The Girl and the Devil Bird
A girl hatches a changeling from an egg, in this body-horror fable from Finland
From its metaphoric title to its unexpected tone, Hatching is a film of layers. There is depth, real depth here, and if it doesn’t seem apparent in every scene, it’s lurking just below the surface.
The story of a small girl who must learn to control her temper and anger and learn to tame her inner demon, Hatching is like a mix between E.T. and American Beauty. It’s a gently spooky hybrid, combining a number of elements–fable and reality, horror and tragedy, comedy and fantasy–in a way that feels as sincere as a mother-daughter embrace, and as terrifying as a seventh grade report card.
This duality starts at the very beginning, with an idea for a script that came from Finnish actor Ilja Rautsi when he was in high school: what if a boy hatched a doppelganger from an egg? Director Hanna Bergholm liked the concept but wanted to switch it to a girl, that way she could mix the fable with elements of her own childhood.

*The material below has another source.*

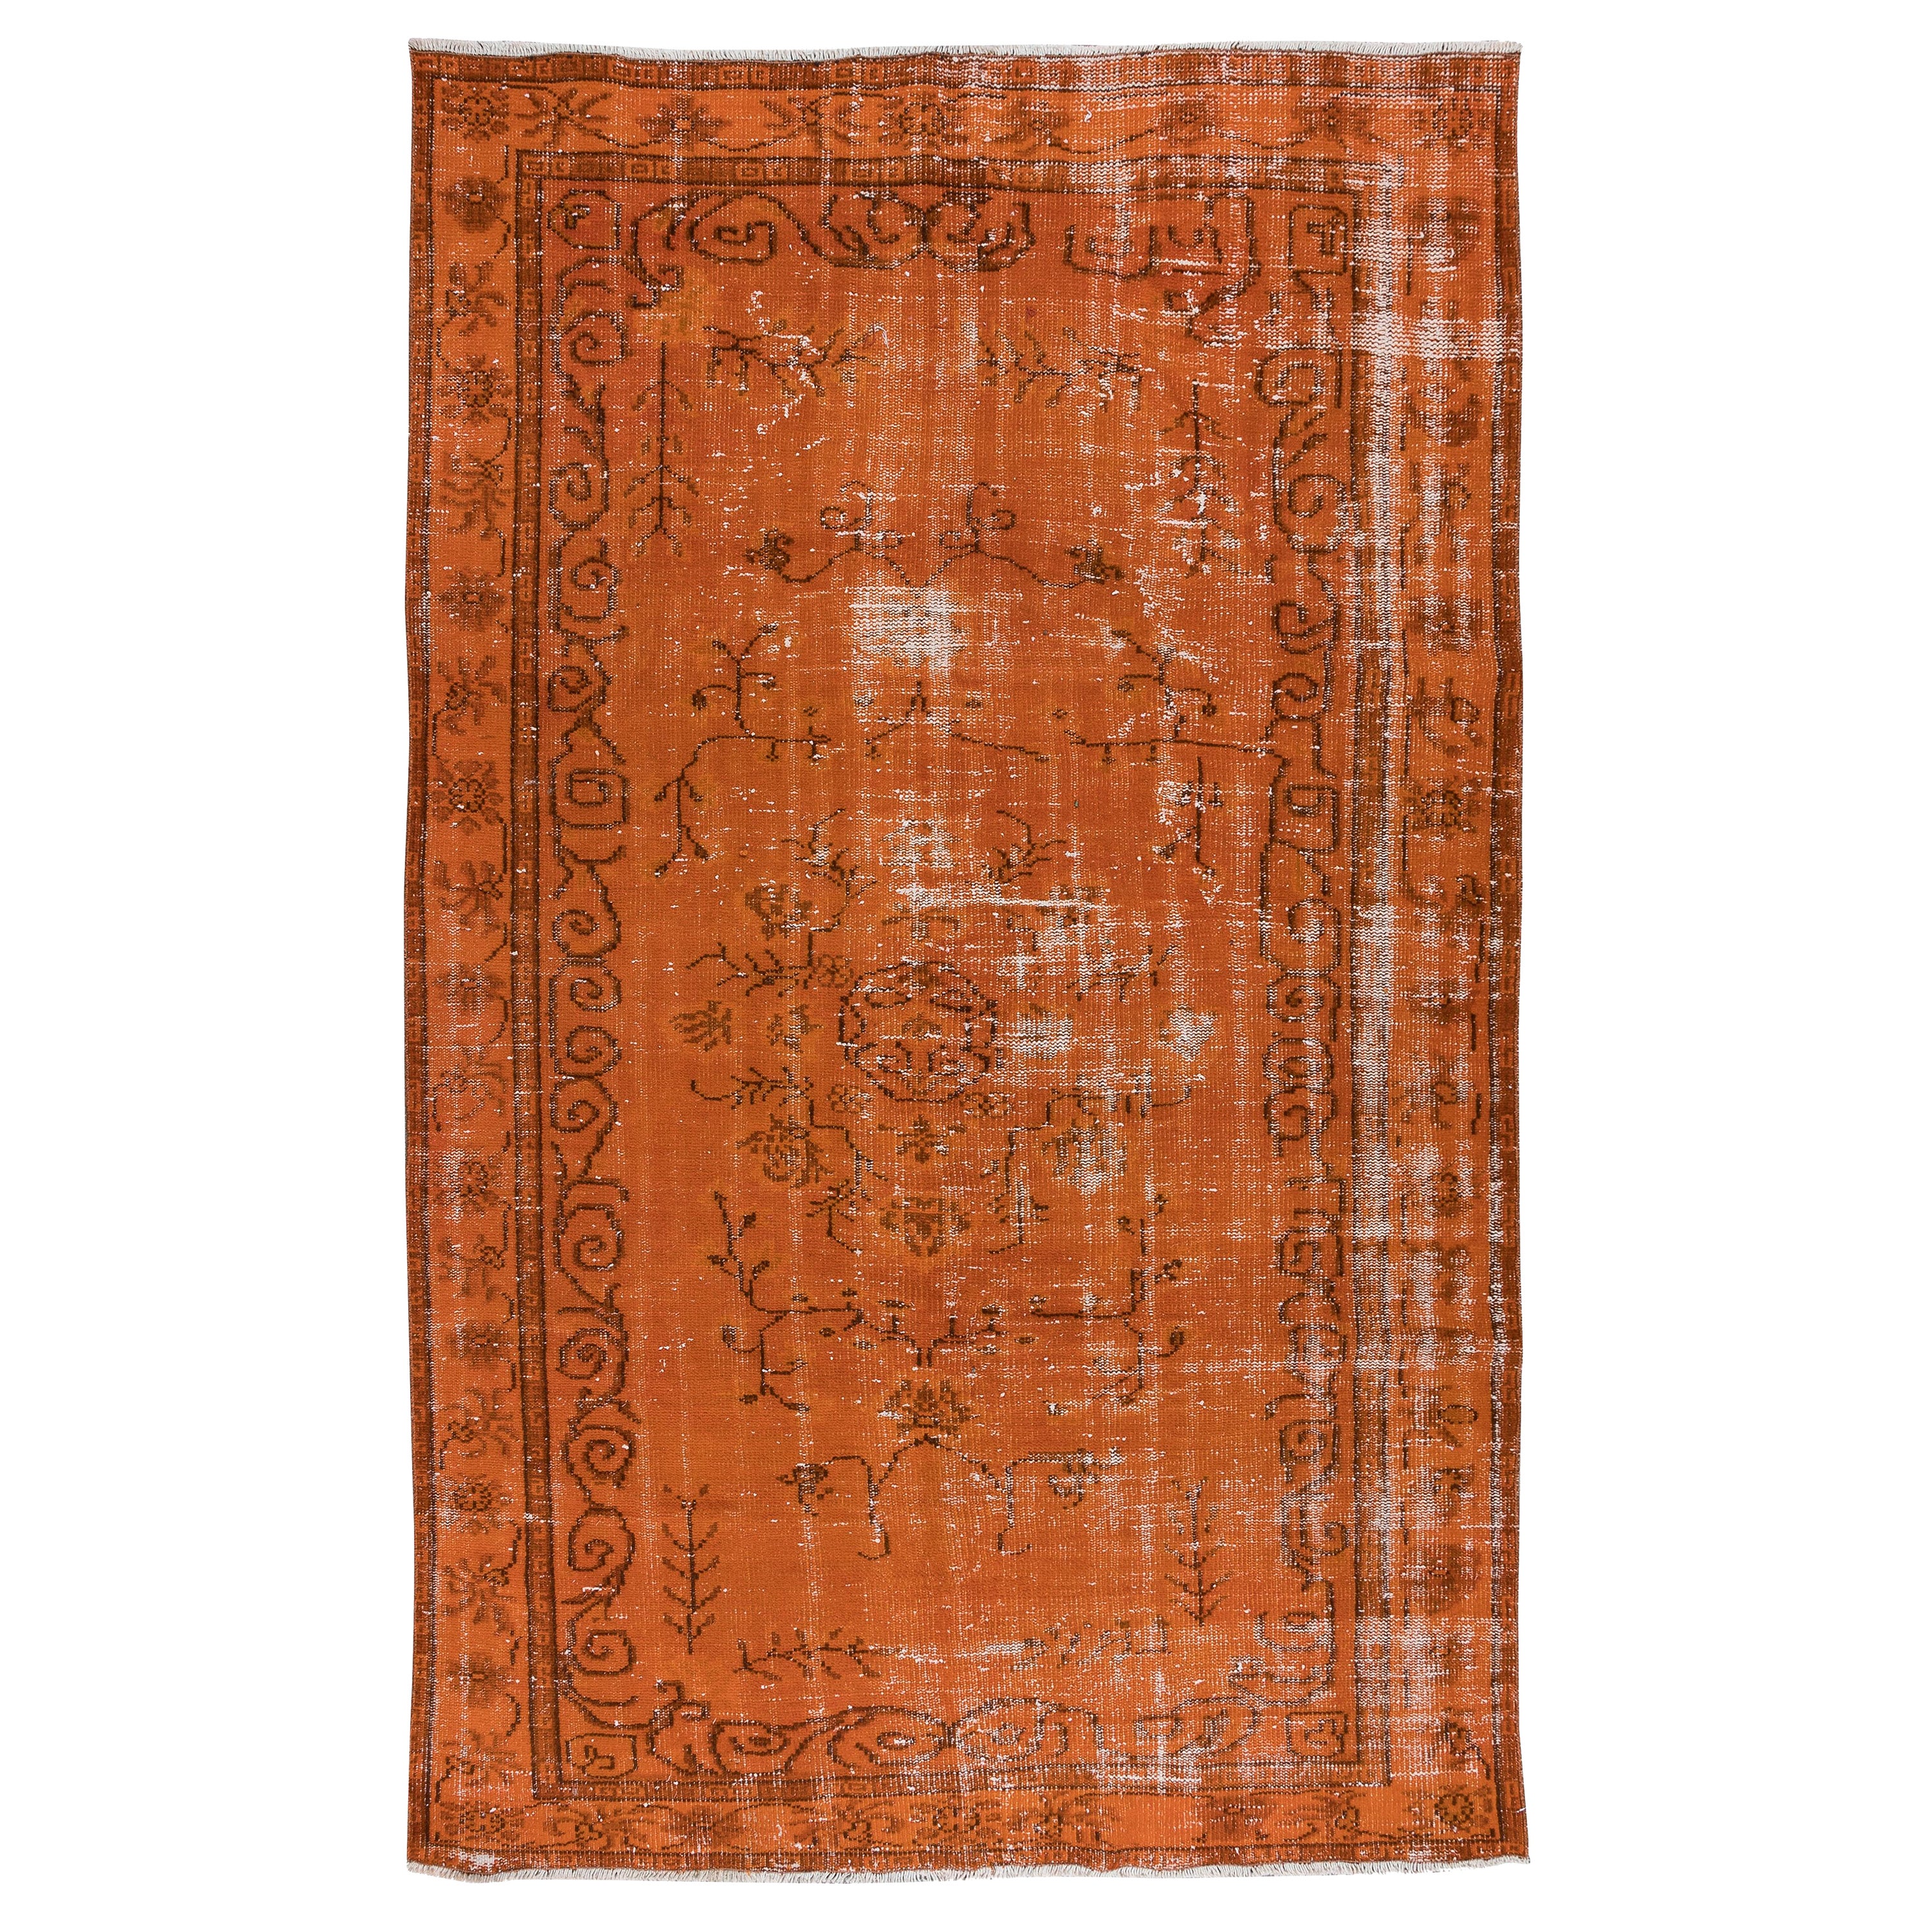 5.3x8.5 Ft Decorative Orange Handmade Room Size Rug, Upcycled Turkish Carpet For Sale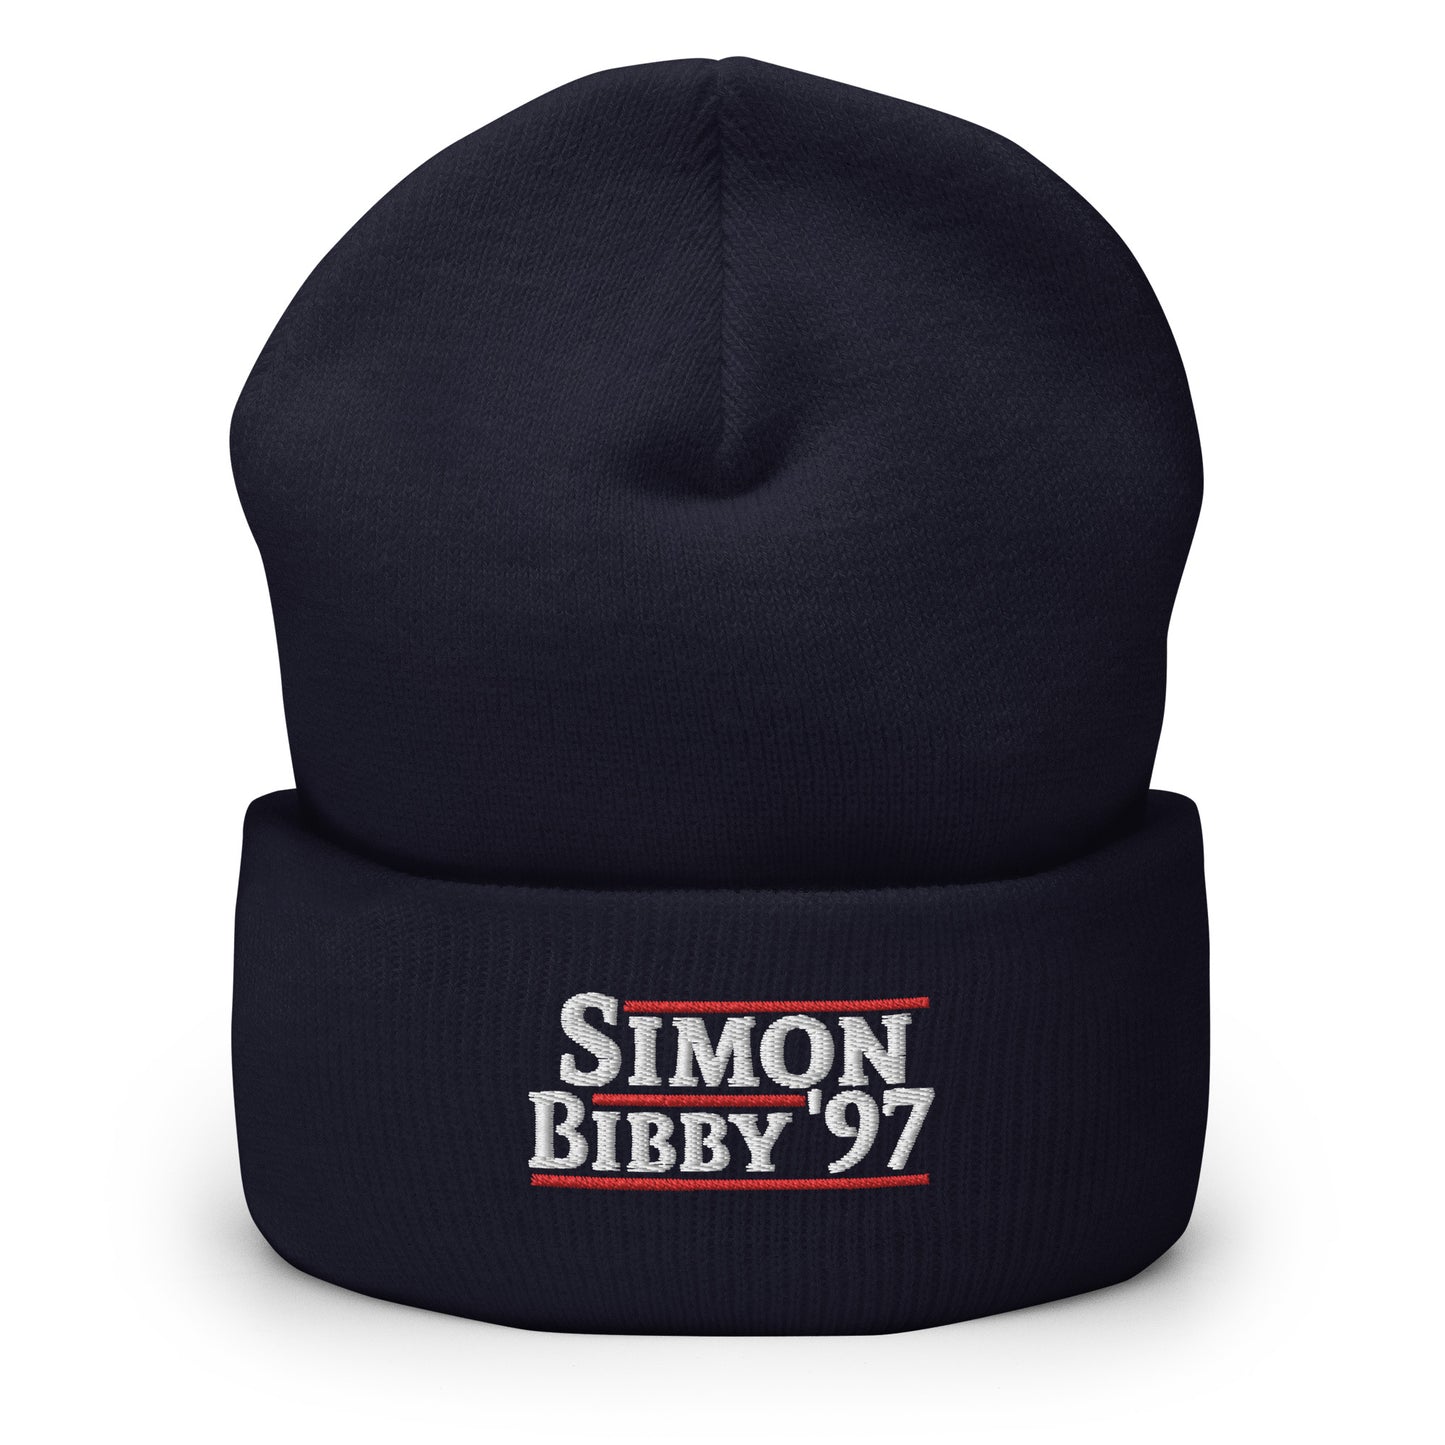 Simon/Bibby '97 - Beanie Hat

She based the mother-daughter relationship on her own mother, as well as the city on her own neighborhood of Turku, Finland.
The film opens on a drone floating over a suburban street where every house looks the same, giving us a birds-eye-view of mowed lawns and manicured hedges that can only be found in gated communities …or in Blue Velvet. Everything seems clean on the surface of this family home–mom’s a blogger, dad’s a broker–but you don’t want to look under the carpet. Tanja (Siiri Solalina) is a 12-year-old gymnast who is pushed to the limit by her mother, to the point that, when she finds an egg that turns into a bird-like monster, she keeps it for revenge. Then the bird starts to grow and act like Tanja.
Feeding off her emotions and desperate to take her to the dark side forever, “Alli” begins to stalk Tanja across rivers, forests, streets and homes. This simple but high-concept premise of the dual creature only works with a heroine like Tanja and the challenges she faces to appease her mother. Bergholm relies on visual storytelling for story beats and scares, and on Solalinna’s performance to establish a youngster who is by no means helpless, she just doesn’t know what she’s doing.
As a horror film, Hatching leans more on mystery than blood and guts, but crucially, Bergholm establishes the pathos of this supernatural story, then expands on it, one of the most important and underrated aspects of a horror film. Because the demon feeds on her emotions, most of the sequences have an added layer of weight, sometimes even causing us to sympathize with the outbursts of violence from Tanja’s feathery, overprotective friend.
With its grounded emotions (and heightened realism), Hatching is more of a subdued horror flick and won’t necessarily appeal to genre fans. The story is deceptively simple. However, built around a universal tale of mother-daughter relationships, underpinned with a message that speaks to our most primal selves–yearning for connection and acceptance–it has a heavy metaphorical resonance. In the hands of another director, this might have been another excuse to pile up bodies for no apparent reason. In the hands of Bergholm, it’s a layered and relatable triumph.